Background: Office hysteroscopy (OH) is becoming increasingly popular. Our objective was to determine the use patterns, reported pain scores, and success rates of OH with the 2.9 mm Storz TrophyScope^® and handheld portable Cooper surgical Endosee^® device in a clinic without previous office hysteroscopy experience.

Methods: A prospective cohort study of a hysteroscopy quality improvement database was conducted in a tertiary care center gynecology clinic. Patients undergoing OH with either the Storz TrophyScope^® or Cooper Surgical Endosee^® device were included.

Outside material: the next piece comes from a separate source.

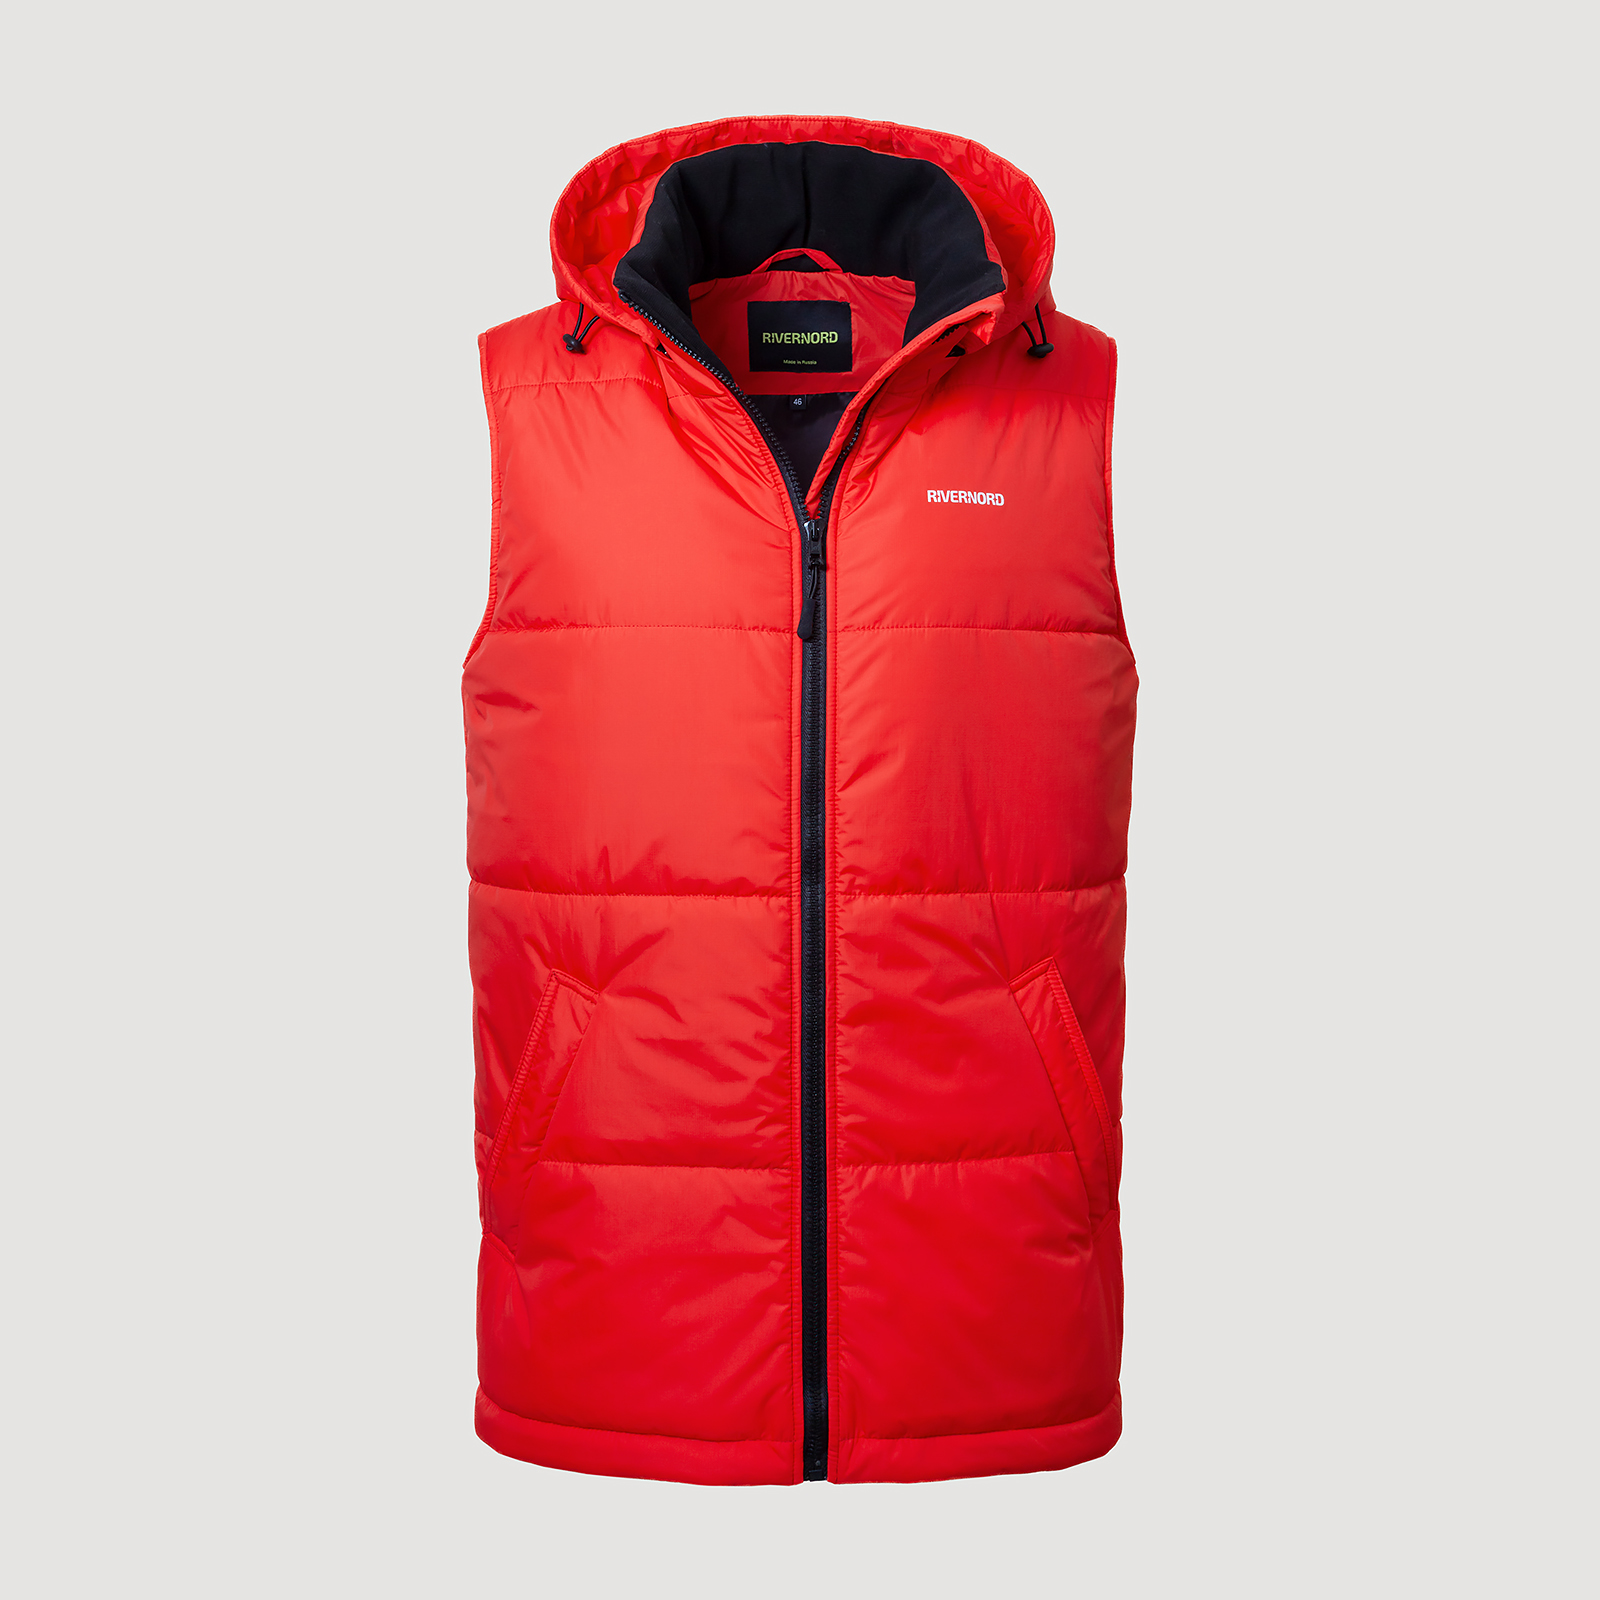 Мужской утепленный жилет Classic Winter Vest Original цвет красный

Results: Of the 171 office hysteroscopies, 77 utilized the TrophyScope^®, with 8 (10%) being inadequate, while 94 utilized Endosee^®, with 13 (14%) being inadequate (P=0.50). Of the 13 inadequate Endosee^® hysteroscopies, 4 (31%) were due to visualization, 4 (31%) to patient intolerance, 3 (23%) to cervical stenosis, and 2 (15%) to a combination of these factors. Of the 8 inadequate TrophyScope^® hysteroscopies, 7 (87%) were due to patient intolerance and 1 (13%) to cervical stenosis. Of the 150 adequate office procedures performed, 52 cases underwent subsequent procedures in the operating room (OR). Of these, 26 (84%) of 31 Endosee^® cases and 18 (86%) of 21 TrophyScope^® cases were in agreement with OR procedure findings. A subgroup analysis comparing mean pain levels did not significantly differ between the two hysteroscopes.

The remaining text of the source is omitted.